Does anyone know how I can do that ?
Thanks to this post:
Get working alpha value of scatter points in mpl_toolkits.basemap.Basemap
I've found a workaround that serves my purpose.
It concerns setting alpha values of points with set_facecolors().
So the working code now looks like this:
...
import pandas as pd #added
def TogglePointsOFF(event, plot):
for n in range(3): # n = index of point
fc_colors[n, 3] = 0 # 4th value is alpha
plot.set_facecolors(fc_colors)
plot.figure.canvas.draw()
def TogglePointsON(event, plot):
for n in range(3): # n = index of point
fc_colors[n, 3] = 1 # 4th value is alpha
plot.set_facecolors(fc_colors)
plot.figure.canvas.draw()
#I've put it into DataFrame() so you can better see
df = pd.DataFrame()
df['label'] = ["data_"+str(n) for n in range(6)]
df['id'] = [1, 1, 1, 2, 2, 2]
['x'] = [random.randint(-10, 10) for n in range(6)]
['y'] = [random.randint(-10, 10) for n in range(6)]
['z'] = [random.randint(-10, 10) for n in range(6)]
colors = {1:'red', 2:'blue'} # to map colors with df 'id'
#plot points colored according to value of df['id']
ax = plt.axes()
sc = ax.scatter(df['x'], df['y'], df['z'], c=df['id'].map(colors), marker='o', s=20, depthshade=False)
global fc_colors #yeah yeah globals...
face_colors = sc._face_colors
ax_button = plt.axes([0.81, 0.01, 0.1, 0.05])
ax_button_1 = plt.axes([0.68, 0.01, 0.12, 0.05])
button= Button(ax_button, "OFF")
button_1= Button(ax_button_1, "ON")
button.on_clicked(lambda event: TogglePointsOFF(event, sc))
button_1.on_clicked(lambda event: TogglePointsON(event, sc))
plt.show()
Clicking buttons "ON" and "OFF" will hide/show group of points based on index.
I've tried using set_alpha() and passing iterable of alpha values like: [0, 0, 0, 1, 1, 1] however it seemed to work on random points and set alpha of incorrect points.
Also getting face_colors from get_facecolors() seemed to get colors with random index alignment.

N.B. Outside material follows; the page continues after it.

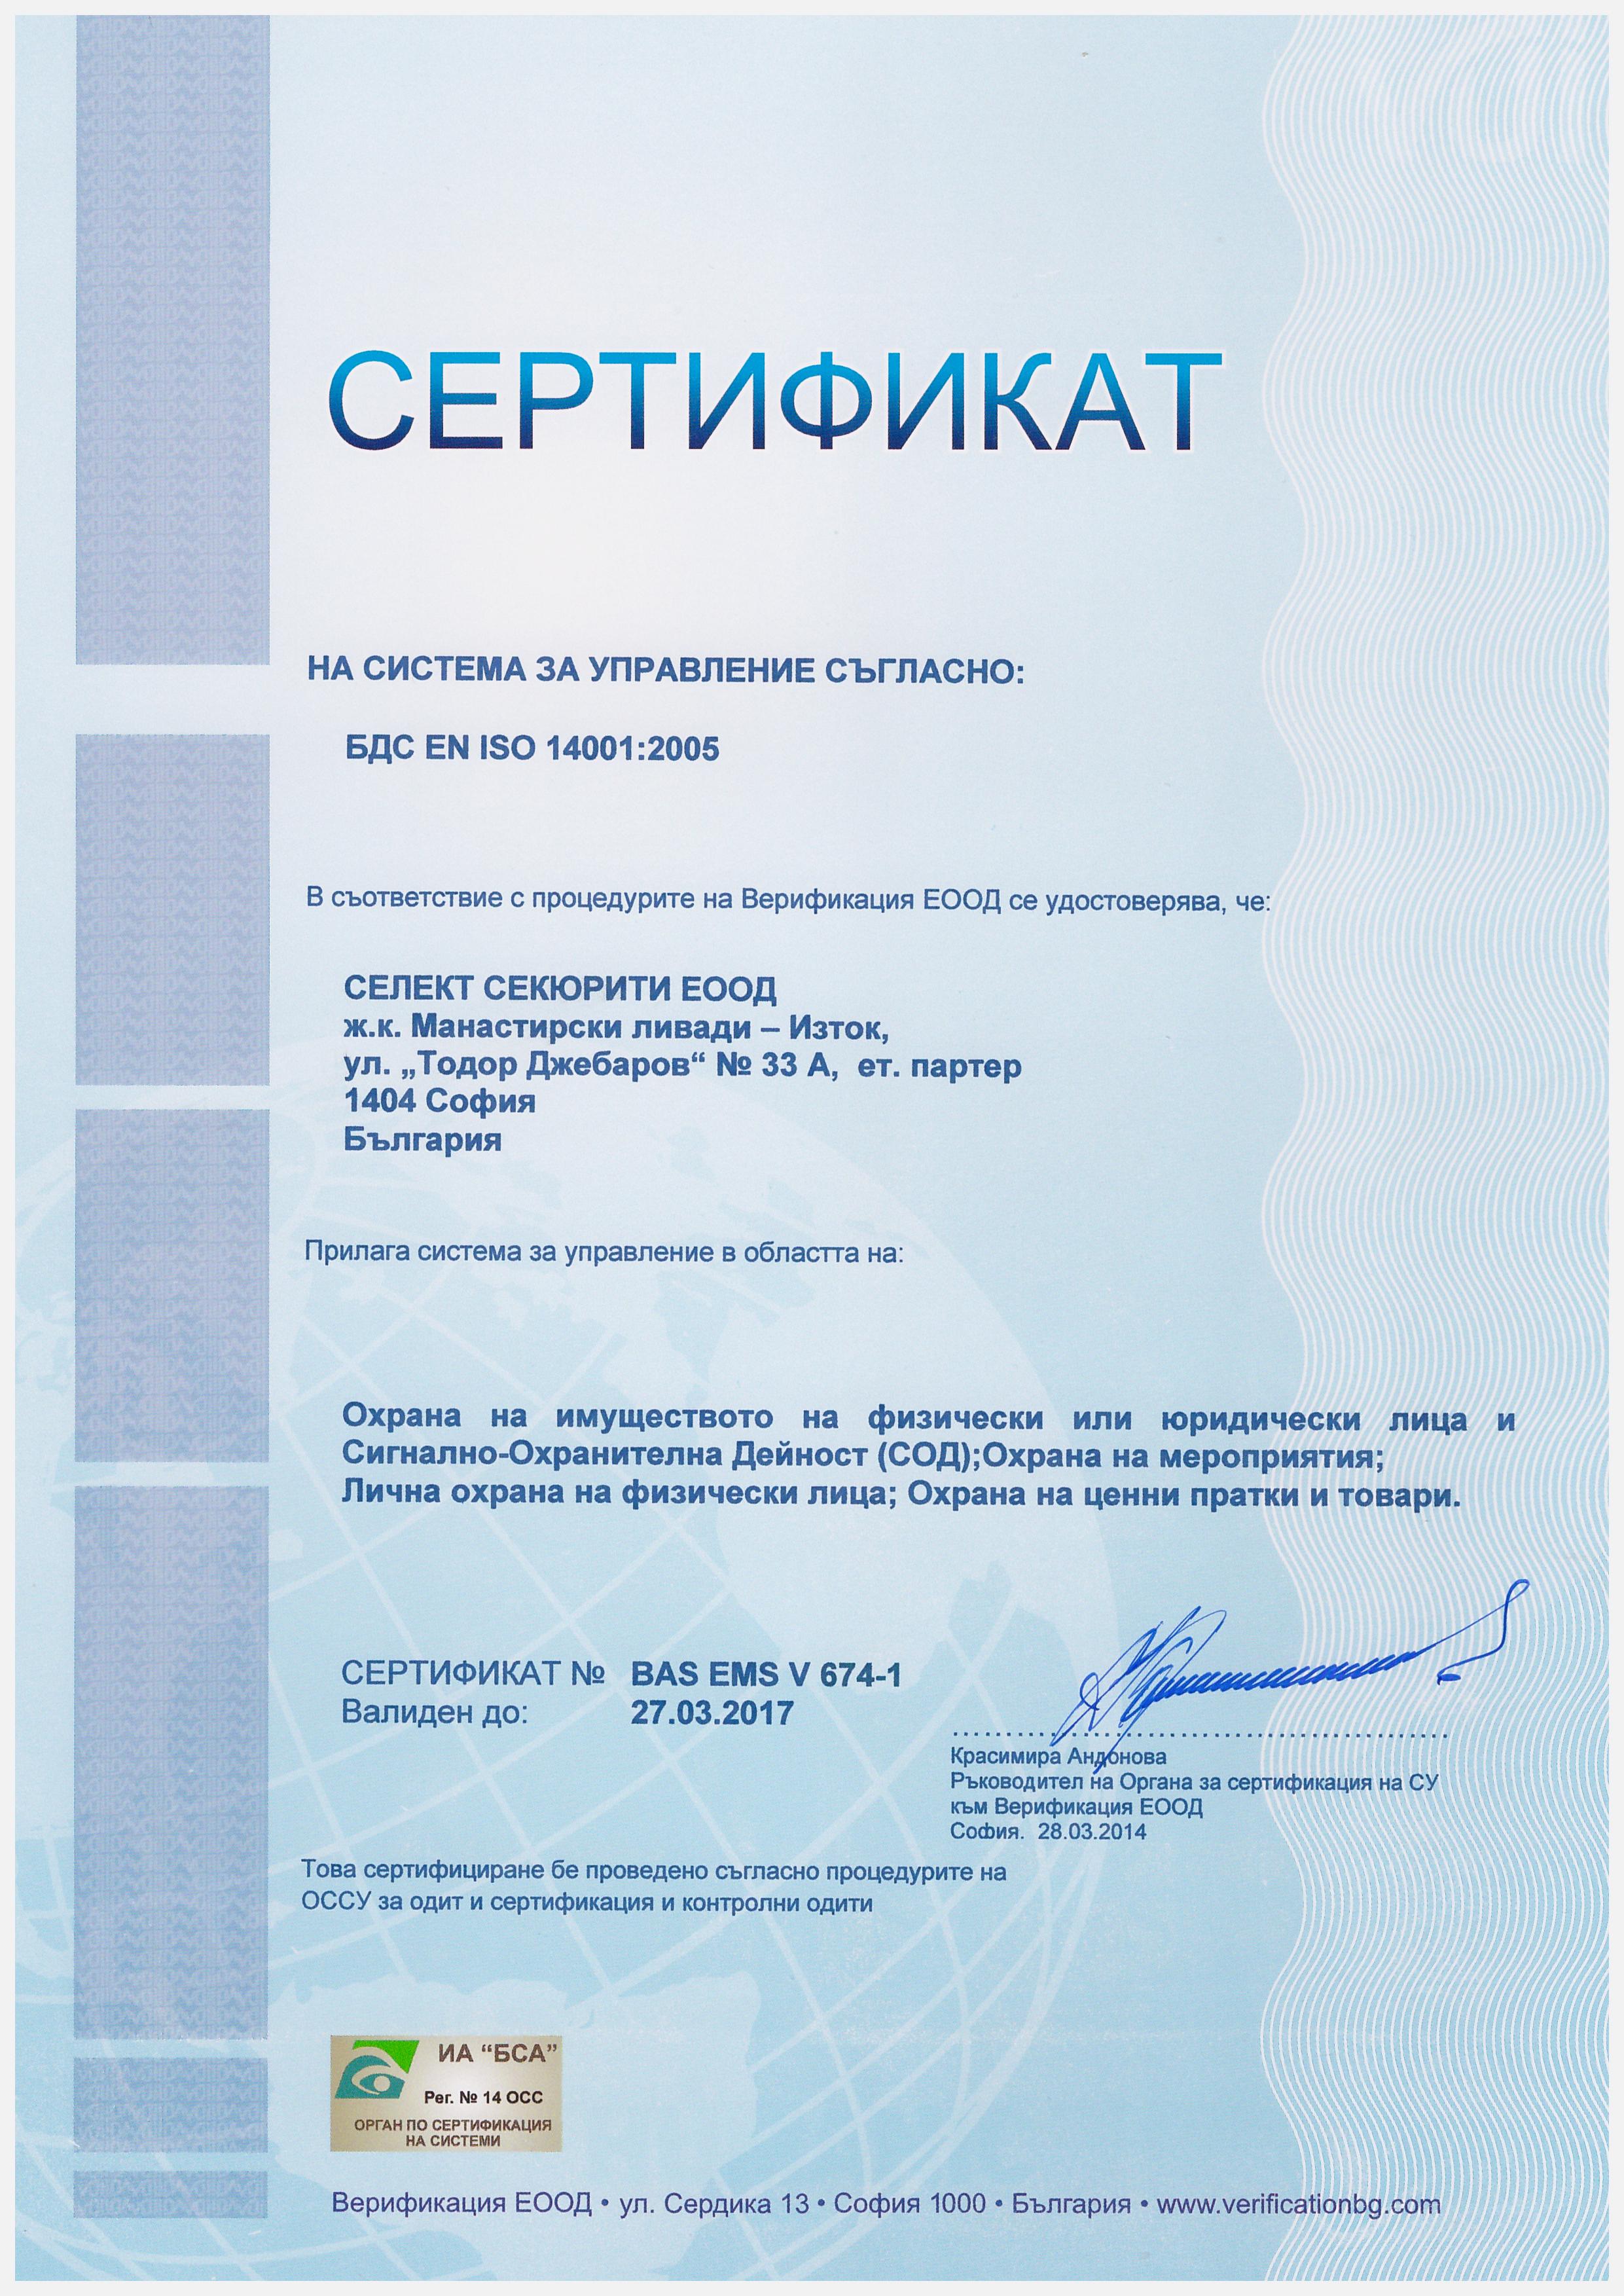 Сертификат на система за управление

This may be connected why passing iterable with alpha values to set_alpha() didn't work. That's why I take colors of points from: sc._face_colors .
Thank you for your time.
WARNING! Be advised.
This doesn't work when you use any 'official' colormap like this:
sc = ax.scatter(df['x'], df['y'], df['z'], cmap='tab10, vmin=10, vmax=10, marker='o', s=20, depthshade=False)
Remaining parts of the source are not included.